Okay, thank you. And I’m also a big advocate for getting an expert opinion, somebody who just sees those types of cancers. So, do you recommend if a patient is diagnosed with cervical cancer, they are not near an academic center, would you recommend that they do that at the time of diagnosis to try to seek out a second opinion or a consult at least once right at diagnosis? Is that the best time for that, do you think?

Shannon MacLaughlan:

Absolutely. The most effective time for a second opinion is before you start treatment. Once you initiate a treatment, there are very few certain…because you’ve started it, it’s almost always the best thing to continue doing it. Even if it’s not what I would have recommended to you to begin with. If you’ve already initiated it, you’re committed. So it’s tricky when you have a new diagnosis. It can be anxiety-provoking to have to wait for a second opinion or wait to get in for one or wait to start your treatment. But if at all possible, that’s the most effective time.
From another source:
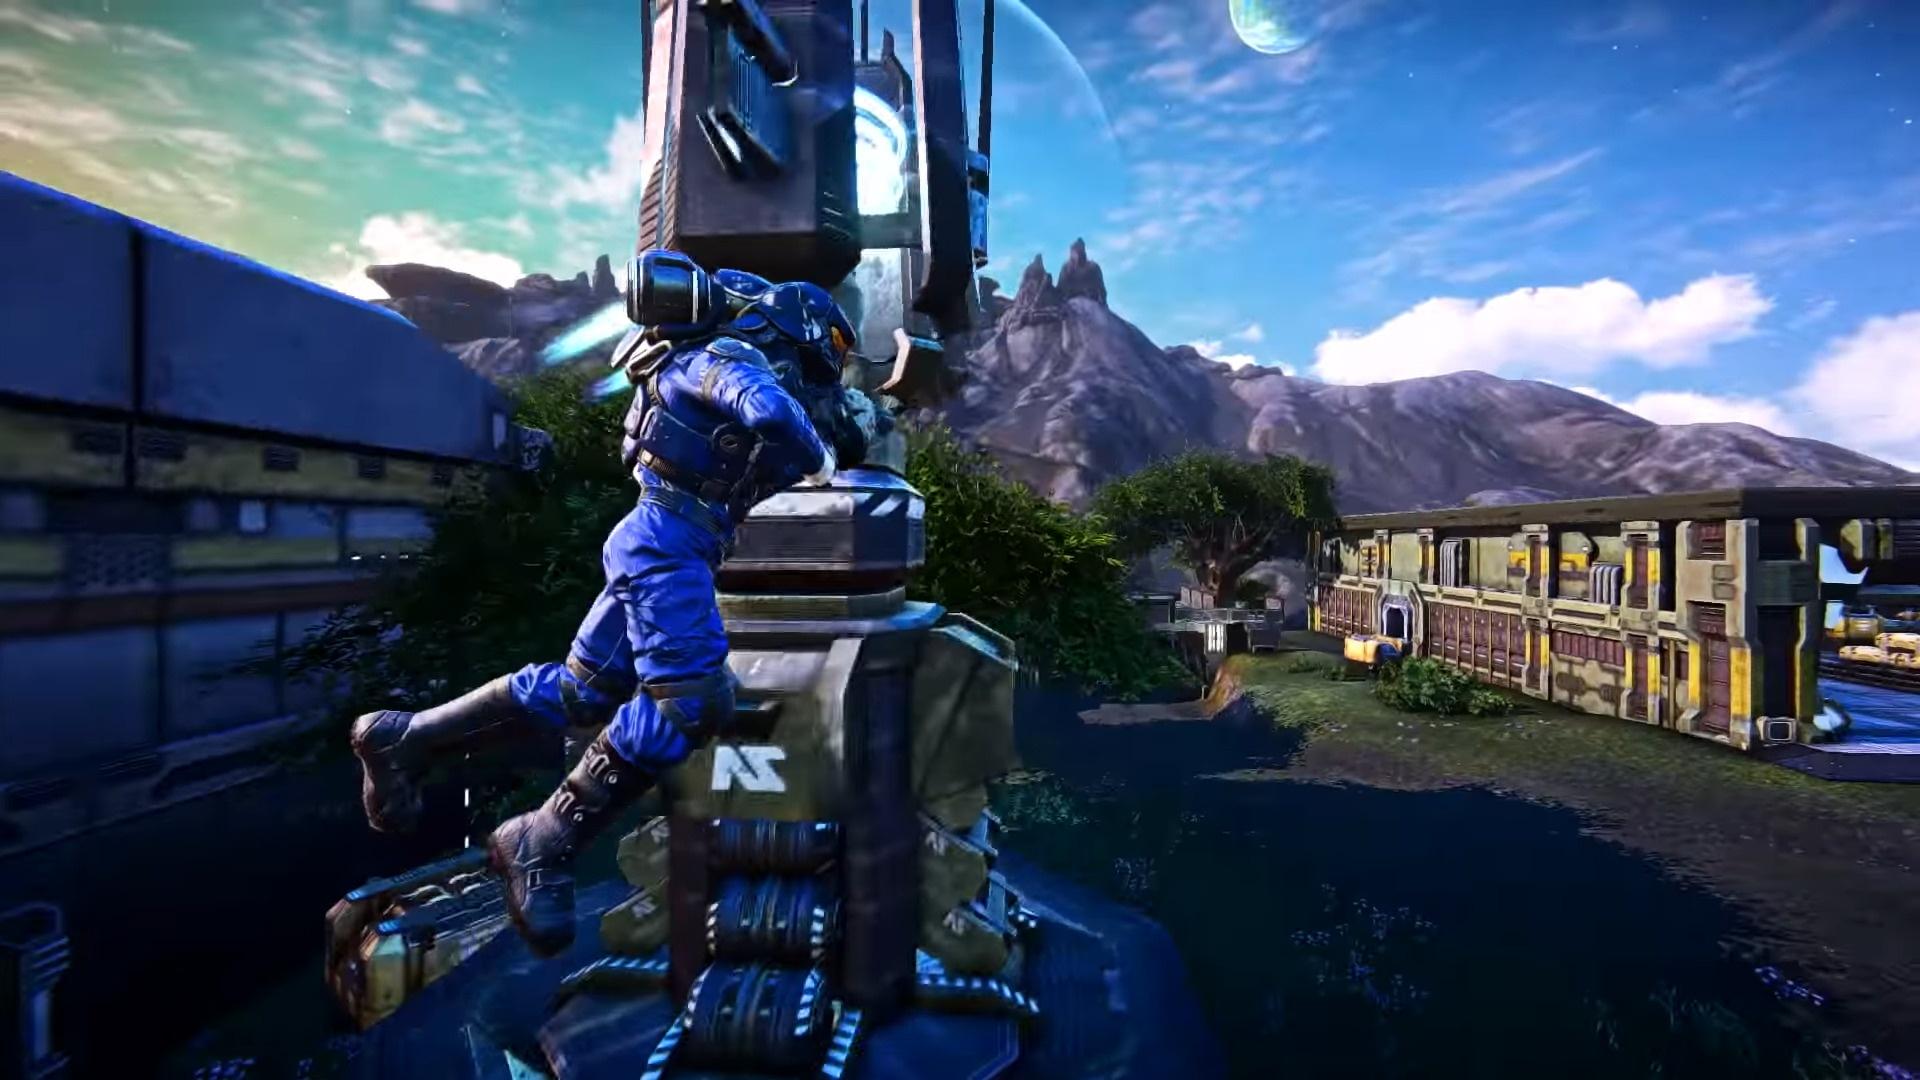 9 минут геймплея PlanetSide Arena: джетпаки, квадроциклы и танковые бои

I would also add that many centers offer community doctors access to their tumor boards. I hate the term tumor board, but because it’s universal, I can’t change it. A tumor board is a multidisciplinary conference in which providers of each subtype gather and review cases. And so many academic and comprehensive cancer centers will offer that service to community physicians so that you may, if you can’t physically get to an academic center for a second opinion, then you may be able to have your case reviewed. There could be a telehealth option. Sometimes that’s an option when crossing state lines is necessary. And then finally, if all else fails, getting a second opinion on the pathology can be helpful.